Crisscrossing the country, Butler denounced US warmaking abroad and ruling-class violence at home as two sides of the same bloody coin, telling audiences from Racine to Roanoke that America was divided into “two classes”:
On one side, a class of citizens who were raised to believe that the whole of this country was created for their sole benefit, and on the other side, the other 99 percent of us, the soldier class, the class from which all of you soldiers came.
Butler published a short book, War Is a Racket, collecting the key themes of his orations in 1935. Later, in an essay in the socialist magazine Common Sense, Butler confessed to having been a “racketeer for capitalism,” elaborating that, as “a member of our country’s most agile military force,” he had served as “a high-class muscle man for Big Business, for Wall Street and for the bankers.” In 1936, Marine Corps informants sent to spy on the ex-general observed him speaking on a panel alongside self-identified Communists and reported that “the General appeared to us to be either insane or an out and out traitor.”
After his death in 1940 at the age of fifty-eight, Butler faded into semi-obscurity. Those in a position to memorialize him were often people he would have probably rather forgotten: he is name-checked in the anthem sung by Marine recruits, and the only public monument to him, a plaque in Philadelphia’s city hall, was erected by his onetime allies in the temperance movement. And in the twenty-first century, as putschism becomes an increasingly salient concern in US political discourse, Butler is recalled by many as the man who foiled the “Business Plot,” a conspiracy of financiers who solicited the ex-soldier, at the height of his popularity, to be the figurehead of a fascist coup against Franklin Delano Roosevelt. (Butler turned them in to the House Un-American Activities Committee; the plotters faced no consequences, and Butler was widely ridiculed in the press.)
In each of these versions of himself, Butler appears as a caricature: the swashbuckling jarhead; the bullheaded cop; the naive, if ultimately honorable, contrarian who narrowly avoided a brush with American fascism. Each of these caricatures, while containing kernels of truth, obscures the full significance of Butler’s life and times.
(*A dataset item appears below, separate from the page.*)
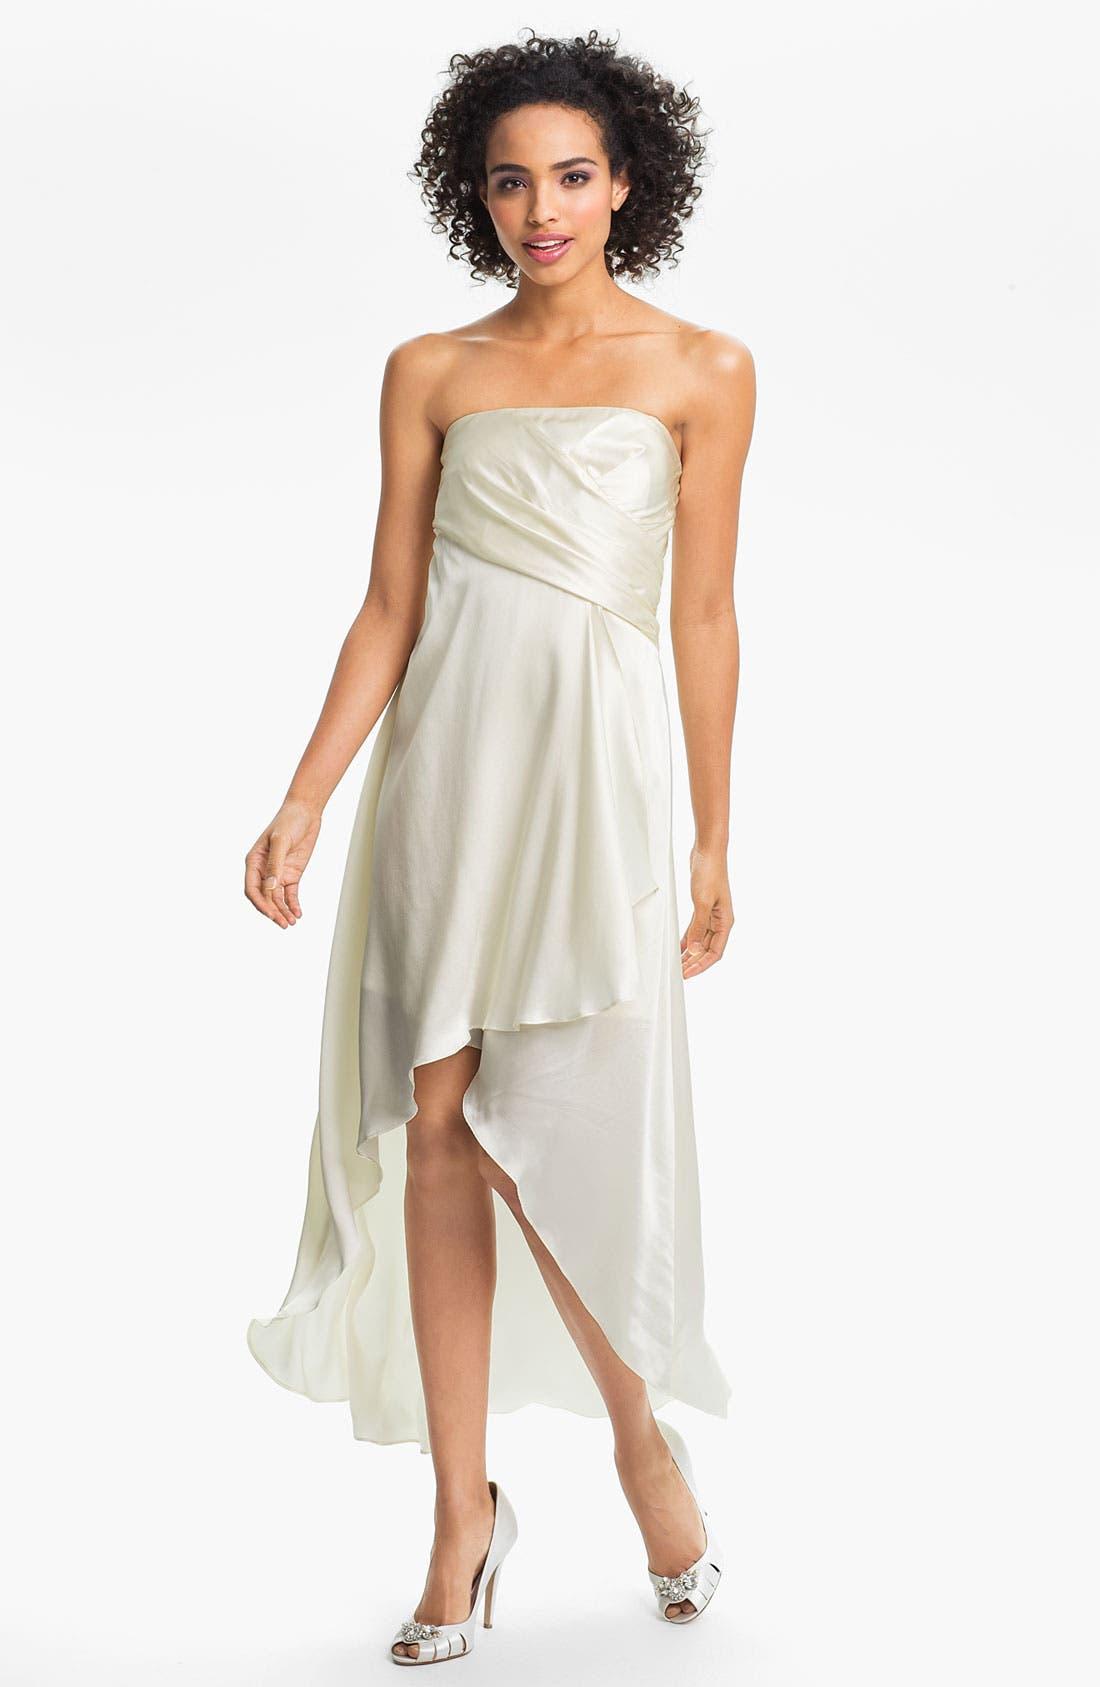 Main Image - Alexia Admor Strapless Silk Charmeuse Dress

Butler was a man who, as journalist Jonathan M. Katz writes in a new biography, “made a life in the overlapping seams of capital and empire,” and so embodied the story of American expansion more than any other national figure.
Katz’s Gangsters of Capitalism refuses to separate Butler from the US-dominated world order he participated in creating — and which, in the end, also created him. “His contradictions are America’s,” Katz writes of Butler. “He died without ever fully reconciling his deepest contradictions, leaving them to scatter kaleidoscopically across the edges of communal memory: the decorated hero, the conspiracy whistleblower, the mechan [evil] imperialist, the rogue critic.”
Drawing on an archive of letters and personal writings, as well as conversations with Butler’s living granddaughter, Gangsters of Capitalism uncovers the ex-Marine’s hidden moments of personal reckoning while turning an unsentimental eye on the real evils he committed during his time as a blunt instrument of US domination. But Katz is a reporter, not a historian — his first book, The Big Truck That Went By, is a stunning account of the 2010 Haitian earthquake and its aftermath, which he first covered for the Associated Press — and so he doesn’t limit his sources to old letters.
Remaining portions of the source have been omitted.